Children’s Day of Art

Partly in response to the trend to cut arts from the schools, and to offer the talents of the church locally, St. Peter’s Episcopal Church in Morristown, NJ offers A Day of Art.

On May 12, up to 90 youngsters ages 6 to 13 will rotate through workshops led by regional artists in cartooning, drama, poetry, pottery, eco-sculpture and music during a Children’s Day of Art in Morristown, New Jersey. They’ll have a chance to dabble in some edible art with Chef Melody of The Main Event during lunch, and the day will end with a reception for the young artists, their parents and the instructors.

Grace Memorial Church in Portland OR also offers art for children and youth at their 7 week long Art Camp:

Fifteen years ago, taking note of a lack of art in our neighborhood, we launched Grace Art Camp. It has grown into a thriving seven-week art program, telling stories from cultures around the world and teaching local children to engage these stories through various art forms.

In 2010, Grace Art Camp stumbled upon a new vision. As students engaged Caribbean stories through art – including crafting little glass rings – the people of Haiti were in need. These tandem stories of Caribbean art in Portland and need in Haiti sparked Mother Esme’s imagination. “Grace Art Camp,” she thought, “is ready to move out into the cultures it embraced s each year and create relationships.” So, Grace Art Camp sold those little glass rings, raising $11,500 to help our friends in Haiti.

We knew this connection with the cultures we embraced needed to continue. So, in preparation for 2011’s camp, Tales of the Serengeti, we decided to partner with Grace and Paul Kuto, who have been working in Kenya for over 30 years, to build a community center in Chwele village. We also connected with the Duraja Academy, a school for Kenyan girls from war torn situations. Specifically, we connected with a girl named Naomi who dreams of becoming a lawyer because she “believes in justice for all people.”

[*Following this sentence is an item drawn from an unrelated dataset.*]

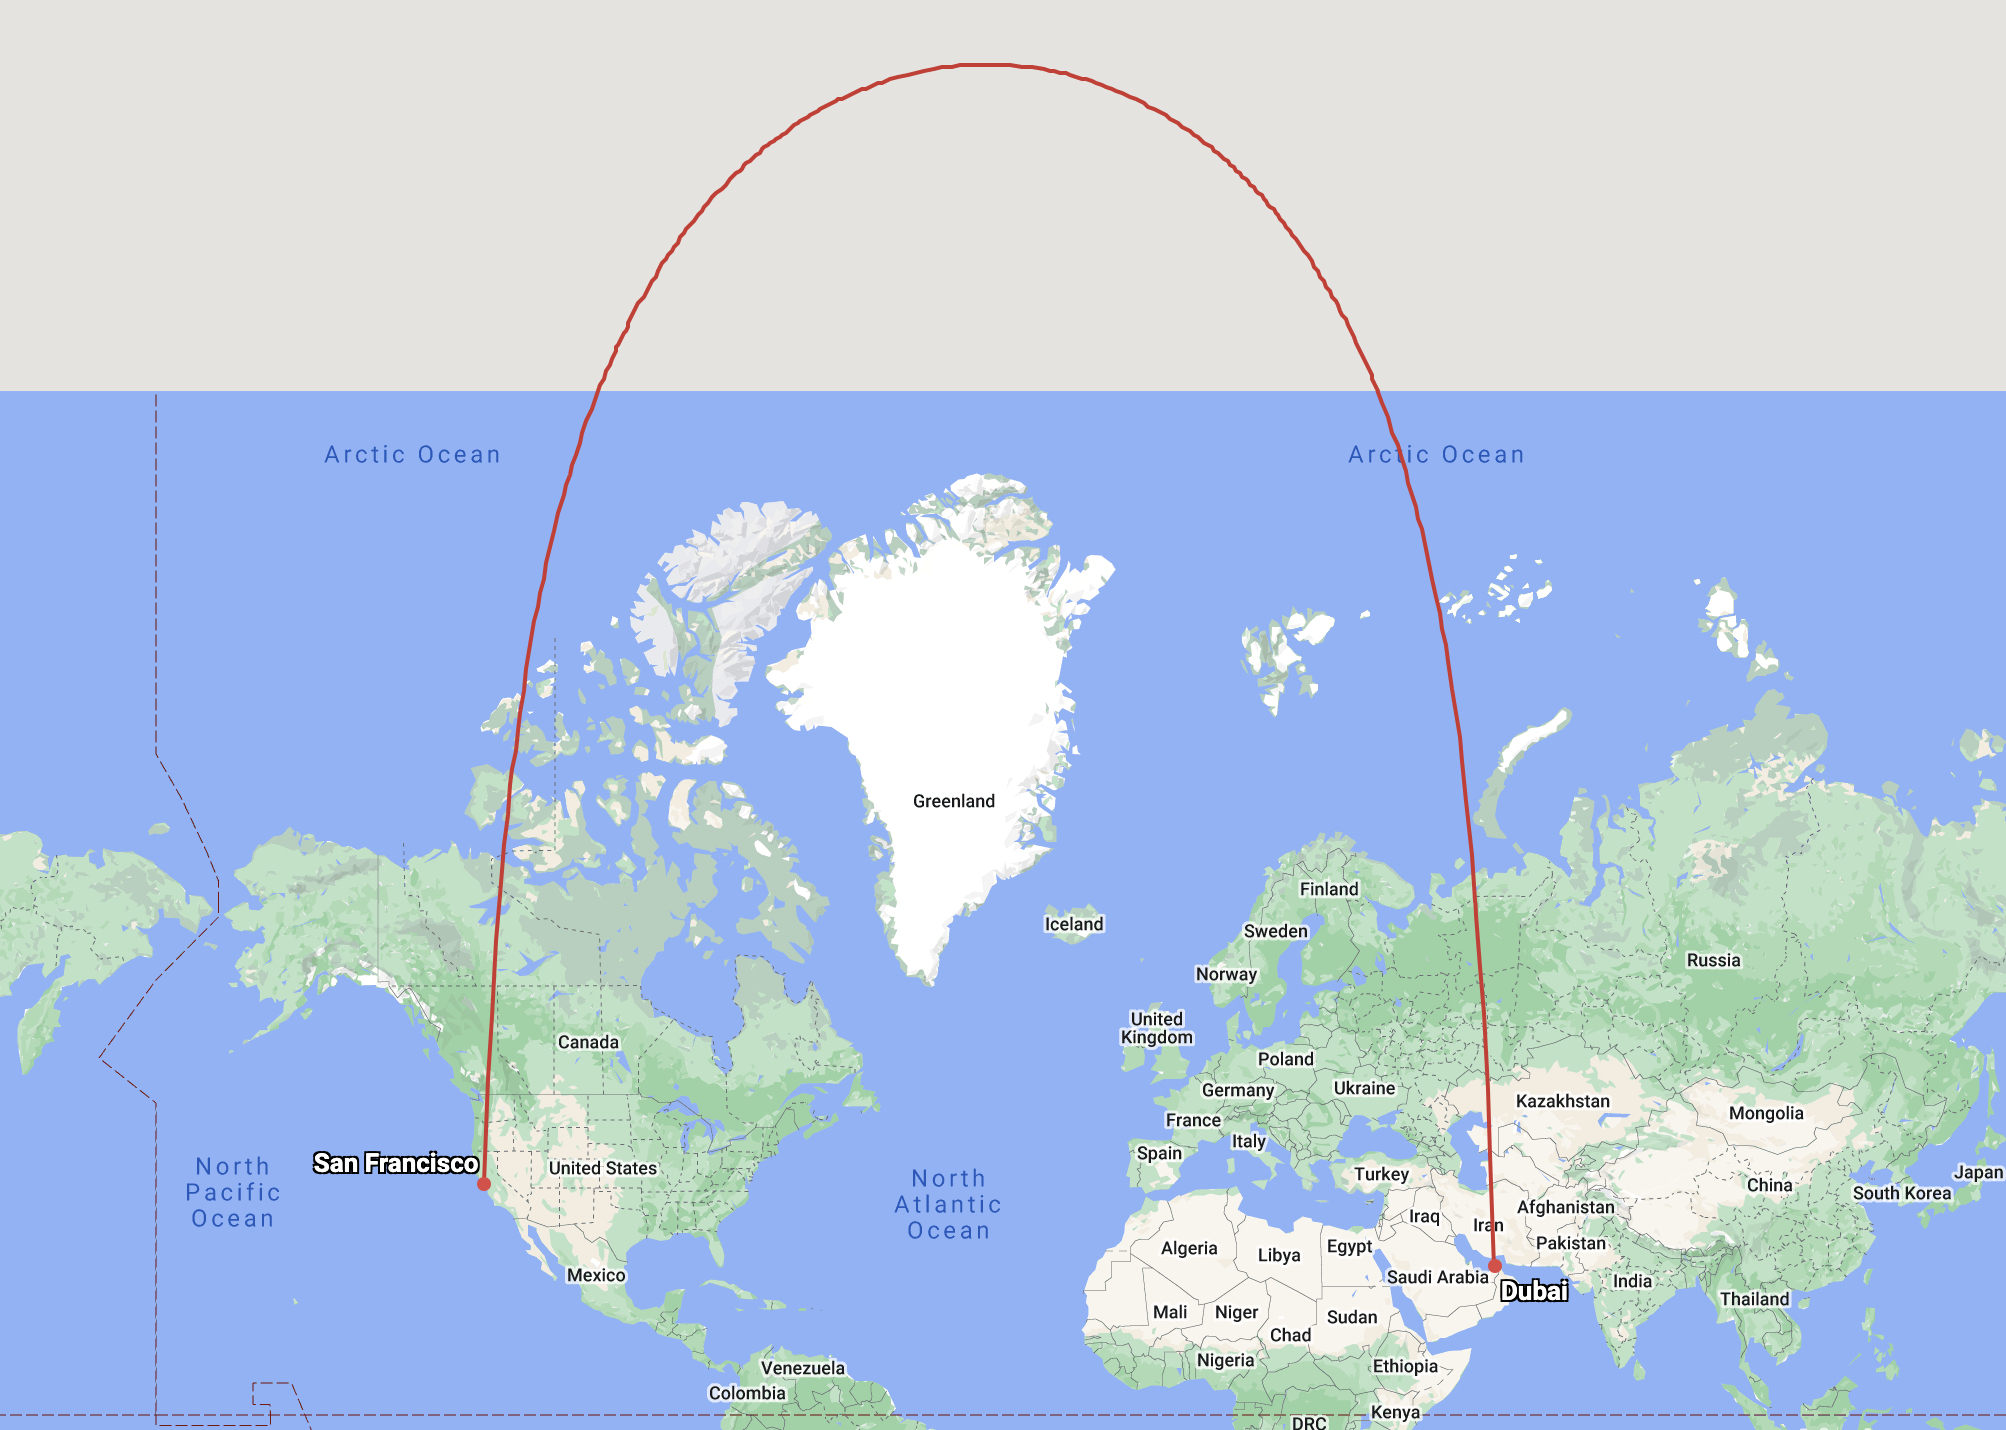 The same line on a Mercator map. The line is of the map
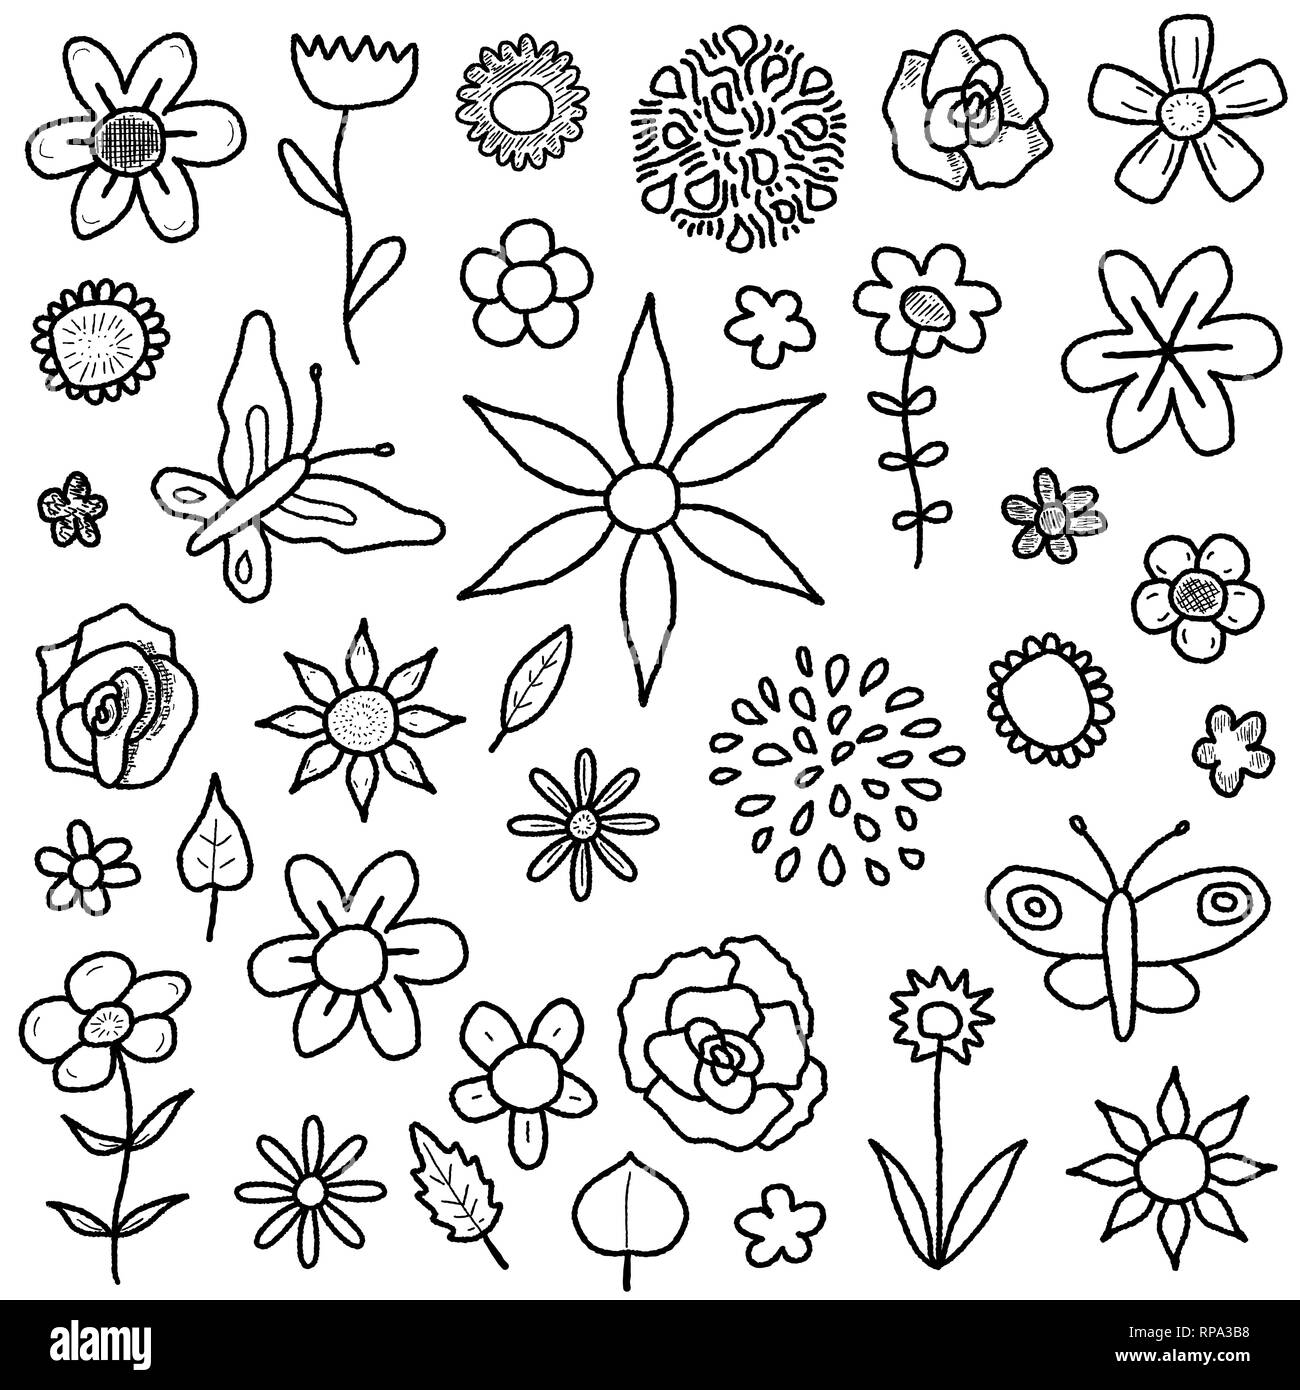 Doodle illustration collection with various flowers, leaves and butterflies. Floral scribble set. Stock Vector

During 2011’s seven-week art camp, we made and sold rafiki (friendship) bracelets, raising $7,500 which we split between the Chwele village community center and Naomi’s tuition at the Duraja academy. However, we wanted to go beyond simply raising and sending money; we wanted real connections! So we decided to engage in a letter-writing and art exchange with our new friends in Kenya.

These programs are a great way to connect with the neighborhood children near your church as well as offering the arts to kids.